The output of this notebook is:
* `data/mydataset/durations.txt`
* `data/mydataset/filenames.txt`
* `data/mydataset/samples.npy`

In [51]:
import os
import re
import string
import numpy as np
from os.path import join
from utils import *
from multiprocessing import Pool


sampleRootDirectory = os.path.expanduser("~/Desktop/Samples")
drumNames = ["kick", "tom", "snare", "clap", "hi.hat", "ride", "crash"]





#Collect all of the sample path strings
fileNames = []
for directory in os.walk(sampleRootDirectory):
    for file in directory[2]:
        oldPath = directory[0]+"/"+file
        #shutil.copyfile(oldPath, newPath)
        if oldPath[-4:] == '.wav':
            fileNames.append(oldPath)

        
#Create the regex patterns used to filter the samples into drum classes
makeRegex = lambda drumStr : '.*'+"".join(map(lambda c : '['+c+c.upper()+']' if c.isalpha() else c, drumStr))+'.*'
drumRegex = [makeRegex(drum) for drum in drumNames]

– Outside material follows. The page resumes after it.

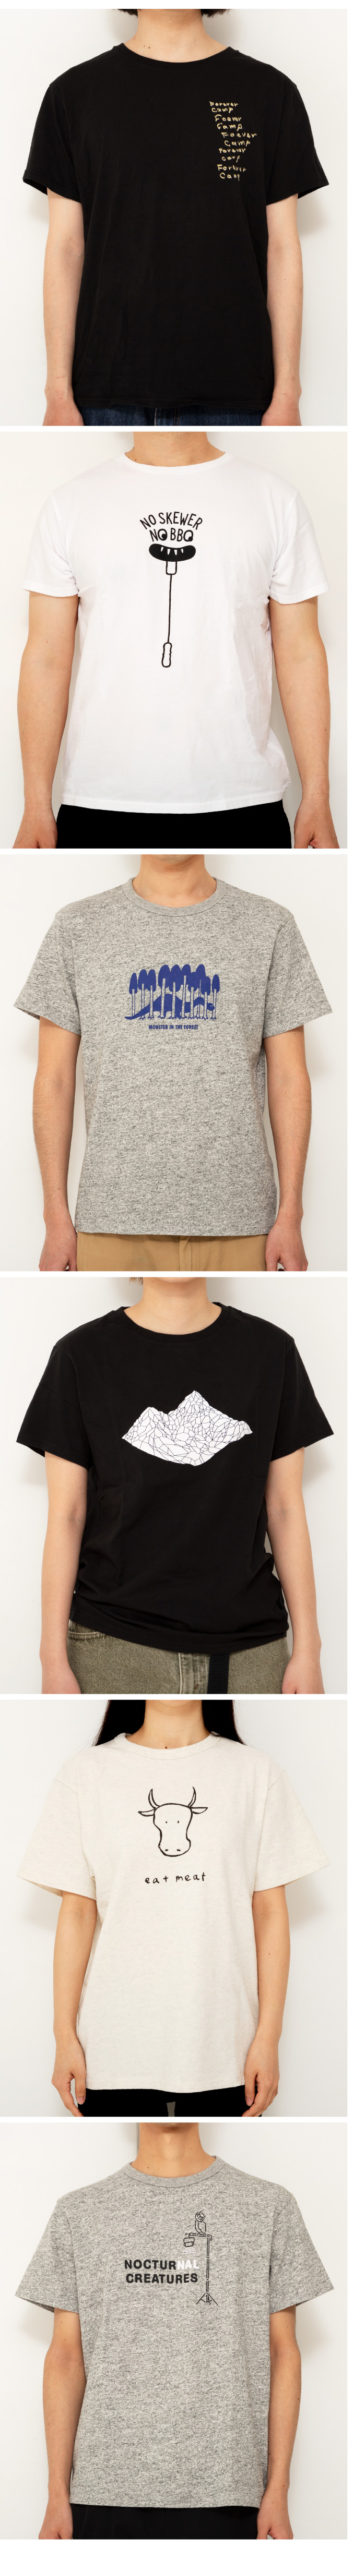 LOGOS T-shirts Design
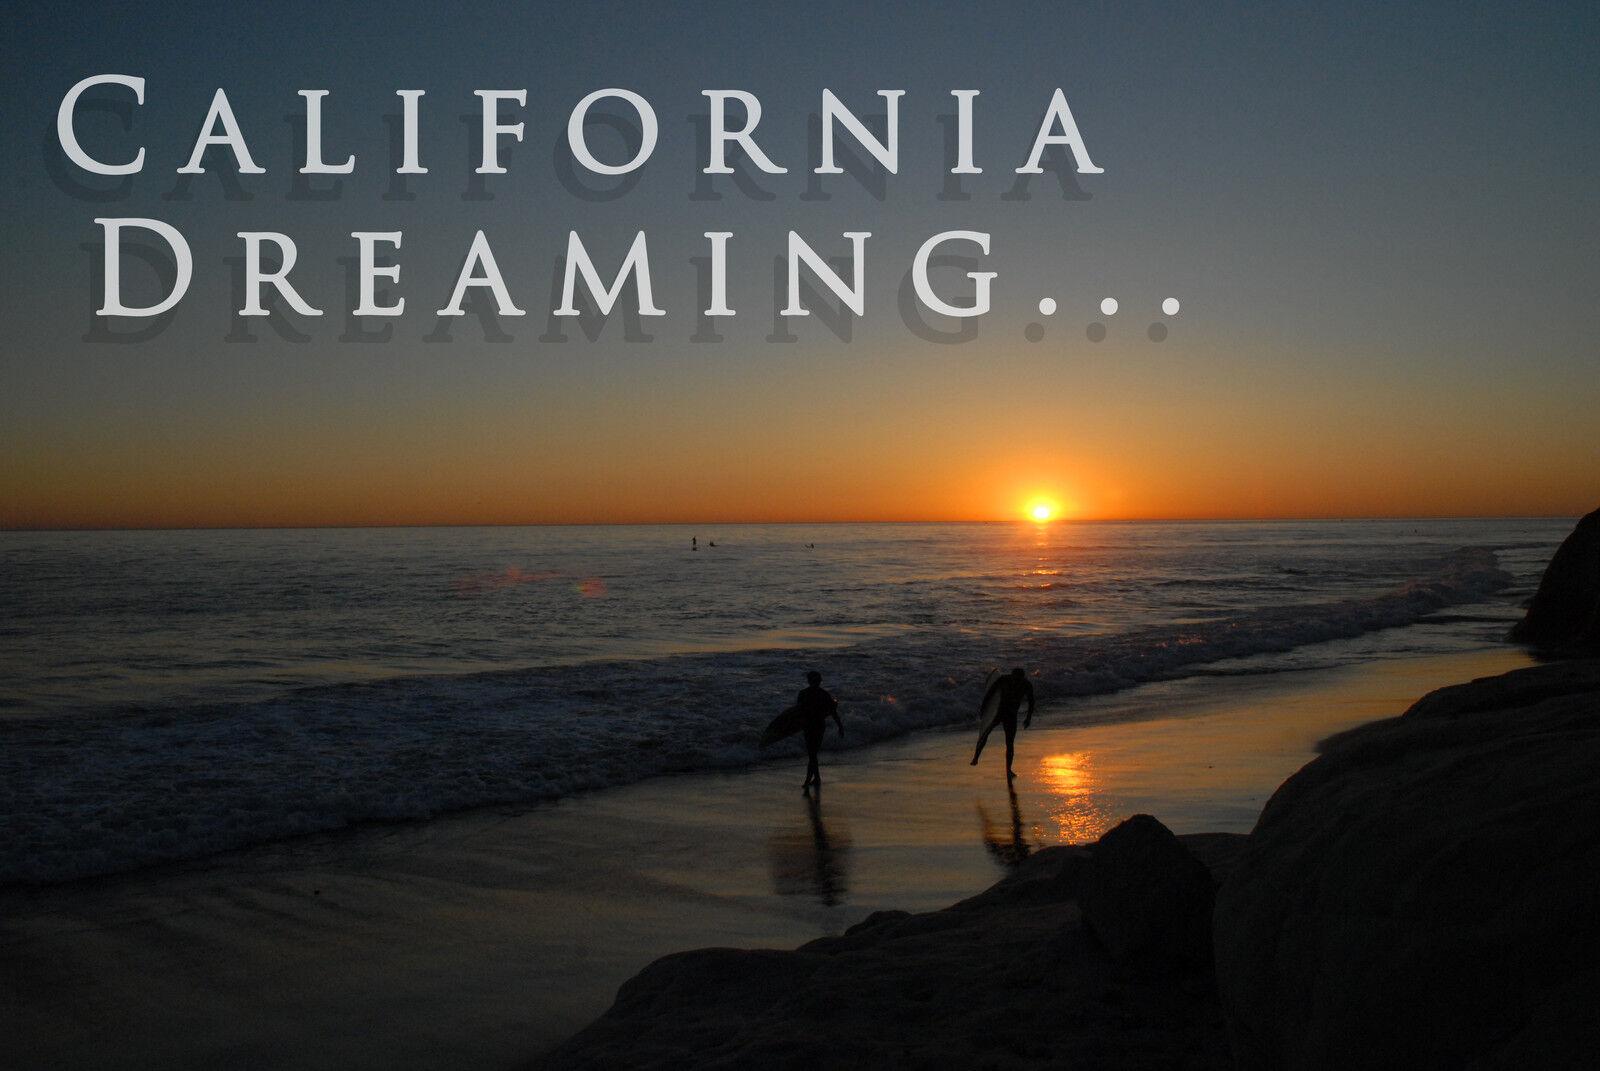 californiadreaminguk

#filter filenames into sets by matching vs regex
drumSampleSets = {}
for i in range(len(drumNames)):
    drumSampleSets[drumNames[i]] = {fileName for fileName in fileNames if re.match(drumRegex[i], fileName)}
    

#check if any samples end up in more than 1 class
intersections = []
for i in range(len(drumNames)):
    for j in range(i+1, len(drumNames)):
        d1 = drumNames[i]
        d2 = drumNames[j]
        intersectionSet = drumSampleSets[d1] & drumSampleSets[d2]
        if len(intersectionSet) > 0:
            intersections.append([d1, d2, intersectionSet])
            #print d1, d2, len(drumSampleSets[d1]), len(drumSampleSets[d2]), len(intersectionSet)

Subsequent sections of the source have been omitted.